If we consider this in the context of Law 25, Section 9.1 and Section 8.1 both require privacy by design and default. Products and services must have the highest level of privacy by design, which means that all tracking features must be turned “off” by default.
Essential cookies used as connection indicators would only be excluded from the obligations under both Section 9.1 and Section 8.1 if they are not used to identify, locate, or profile individuals. They are excluded from Section 9.1 because Section 9.1 expressly states that privacy by design and default does not apply to privacy settings for browser cookies, and they could be excluded from Section 8.1 as long as they do not operate to identify/locate/profile individuals. Non-essential cookies, however, which identify, locate, or profile individual preferences, would need to be deactivated by default to meet the requirements under Section 9.1 and Section 8.1.

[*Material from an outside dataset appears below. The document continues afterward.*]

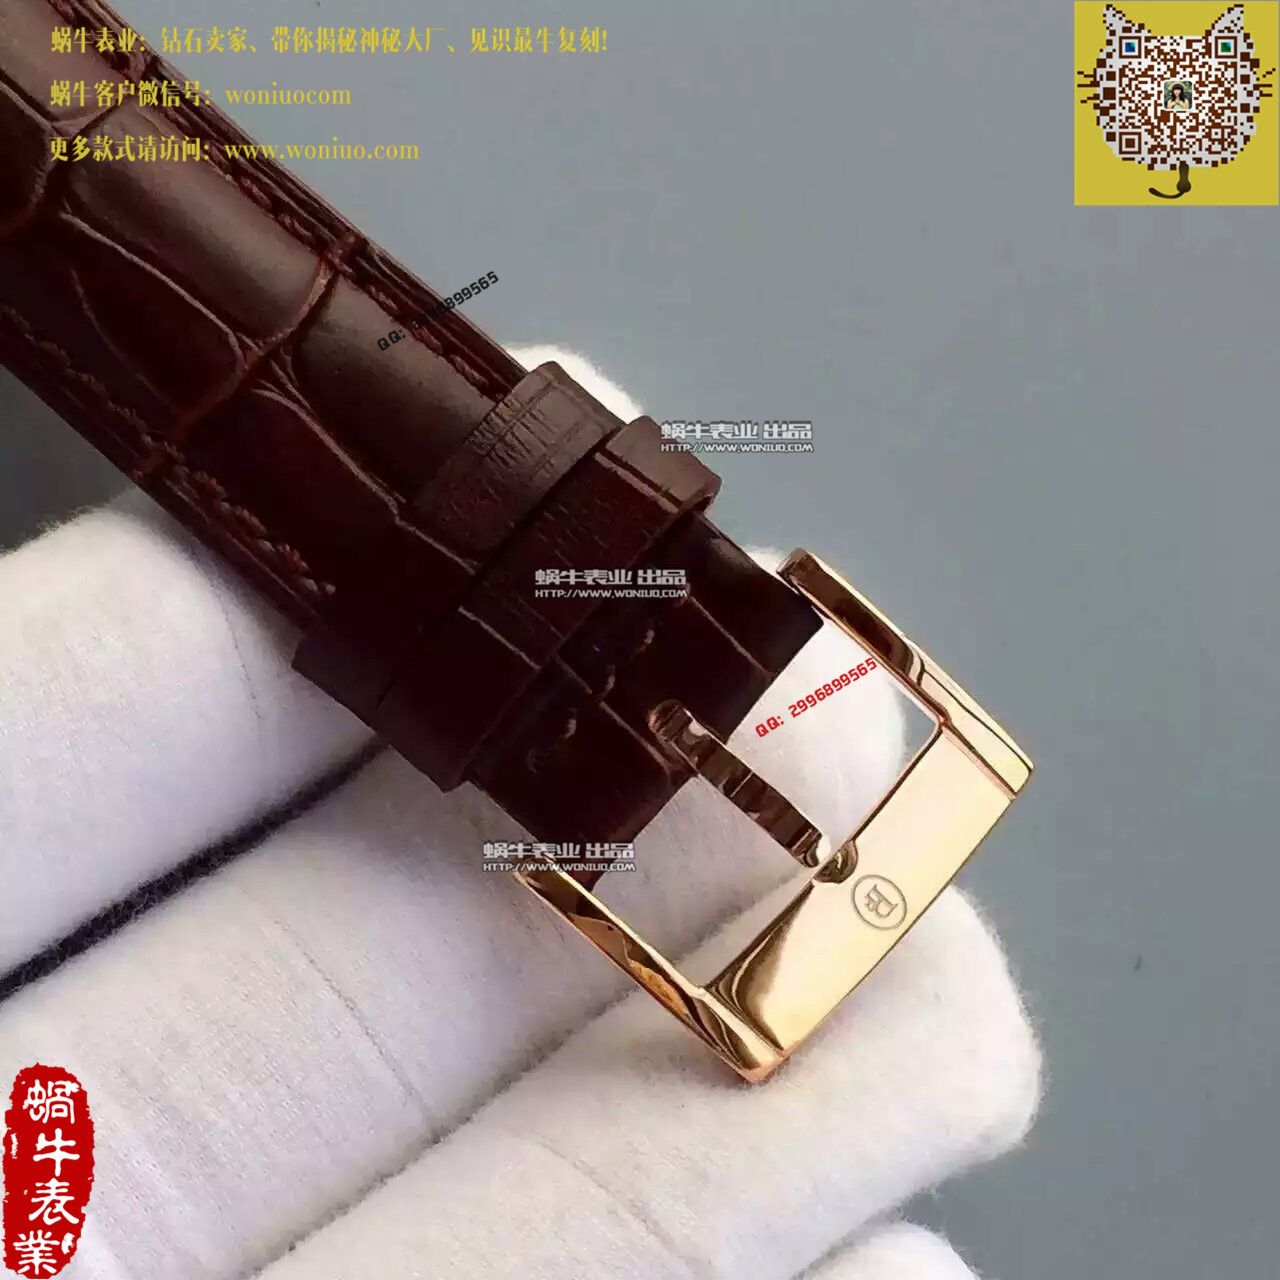 【TF厂一比一高仿手表】帕玛强尼Tonda系列PF012508.01腕表

With that said, these provisions came into force very recently so there is little information available that speaks to how they might be applied, and as such the incongruity between Section 8.1 and 9.1 could arguably be resolved in another manner. For example, it could be argued that the express exclusion for cookies from the privacy by design requirement in Section 9.1 should take precedence and exempt cookies from the scope of Section 8.1 as well.
Best business practice
The purpose of cookie banners and pop-up messages informing users that the site uses cookies is to increase transparency and give users more control over how websites track and collect their data. While doing business in Quebec, we suggest businesses adopt generally accepted practices when using cookies, which may include:
- Receive users’ consent before the use of any cookies except strictly necessary cookies. An effective method of obtaining cookie consent is through cookie consent banners, which appear as a pop-up or header on the website and inform users about the site’s use of cookies and request consent before allowing users access to the site.
- Users should be provided with the option to customize their cookie preferences or opt-out of certain categories of cookies.
- Provide accurate and specific information about the data each cookie tracks and its purpose in plain language before consent is received.
- Document and store consent received from users.
- Enable users to withdraw consent as easily as consent was given.
For more information on how to comply with Law 25, McCarthy Tétrault’s Québec Privacy Compliance Toolkit <hyperlink> brings clarity to a number of privacy compliance questions.
[1] General Data Protection Regulation (EU) 2016/679, Recital 30 [GDPR].
[2] GDPR, ePrivacy Directive 2009/136/EC [ePrivacy Directive].
[3] Act Respecting the Protection of Personal Information in the Private Sector, CQRL, c P-39.1, as amended [Amended Private Sector Act].
[4] Amended Private Sector Act, s. 9.1.
[5] Amended Private Sector Act, s. 8.1.
[6] Amended Private Sector Act, s. 8.1.